What do you feel is Nick's legacy?

Wonderful plays, varied in subject, always funny.

What does Falmouth University’s Nick Darke Awards mean to you and to the people that win each year?

Falmouth University have developed the award adding more to the pot and helping to pull in more writers. We work closely with Nick’s archive at the University and have a wonderful set of judges, all of whom knew Nick. The award leads people to Nick’s work which is important but also I love giving money to writers. The Award money helps writers to keep going, I know how difficult that can be. Writing is very hard work. Good writing is rare and needs help.

Lastly, what does this play mean to you?

It’s a very important play. My relationship with Nick was a loving one. Hank and Dolores have a few problems which we didn’t encounter in our marriage but I experienced some of them in my childhood. Nick grew up with a happy family who lived on a beach, where he had complete freedom. Hank and Dolores have everything they need but…………
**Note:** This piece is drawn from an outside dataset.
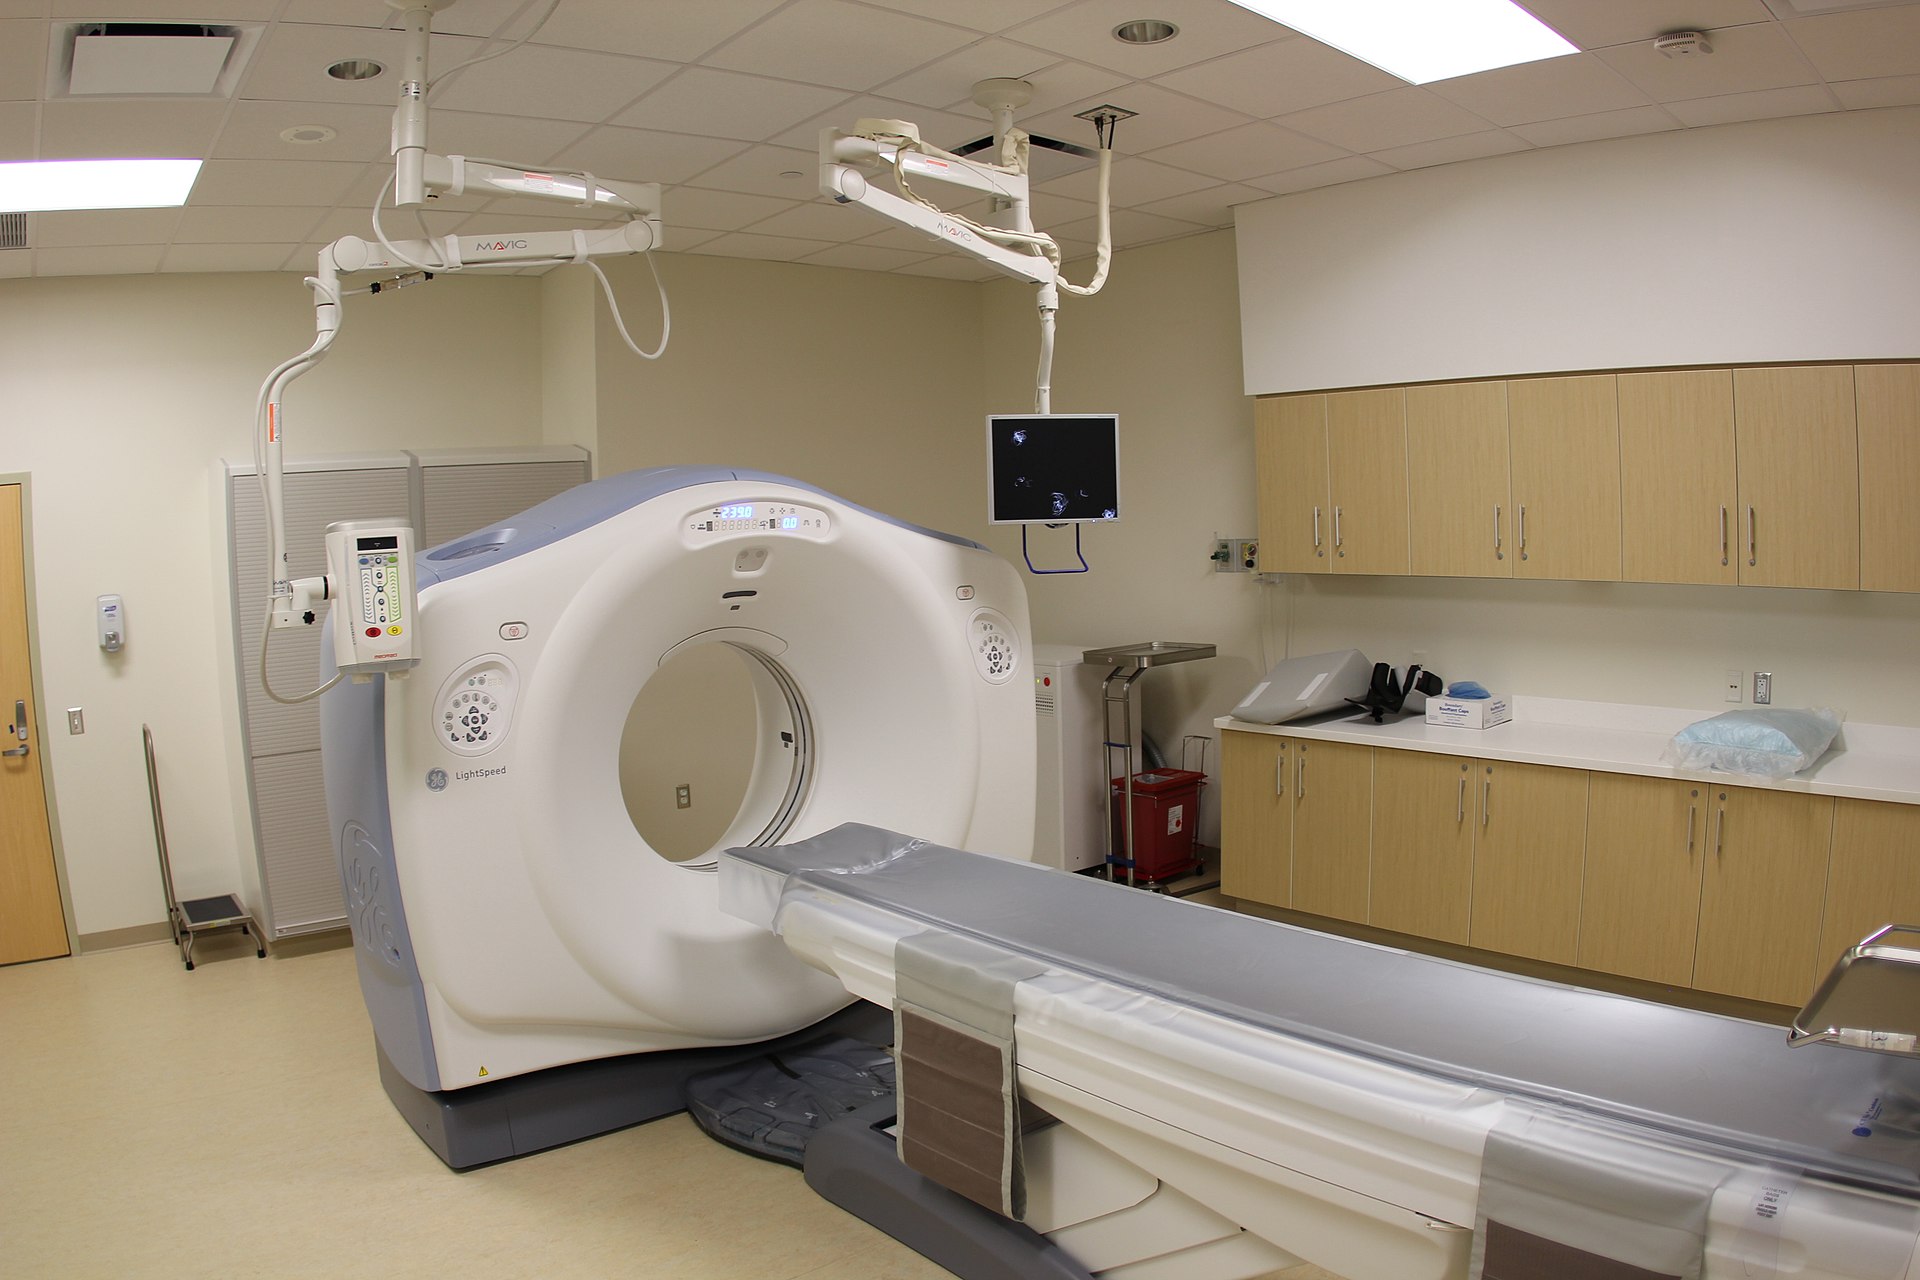 Scanner (https://en.wikipedia.org/wiki/CT_scan, crazypaco, CC BY)

The Dead Monkey is partly about fighting for time. Nick died when he was 56 so he didn’t have enough but he used what he had well. Every play was his child and I want to see them live long lives.

Jane Darke lives on the North Coast of Cornwall. This is the subject of her work as a painter, filmmaker & writer. She has a close connection to the place, particularly the littoral zone, between high and low tide. Jane was married to the playwright Nick Darke until his death in 2005. He grew up on this stretch of coast and taught her everything he had learned while they fished for lobsters and mackerel from their small boat and explored the rocky shoreline.

Falmouth University is home to the Nick Darke Award – a stage, screen and radio writing award that recognises Nick Darke’s contribution in these disciplines, with an annual prize of £6,000. This year, on the 10th anniversary of his death, Falmouth is celebrating Nick's achievements through engagement with the world in which he worked. The award will be open for submissions towards the end of 2015.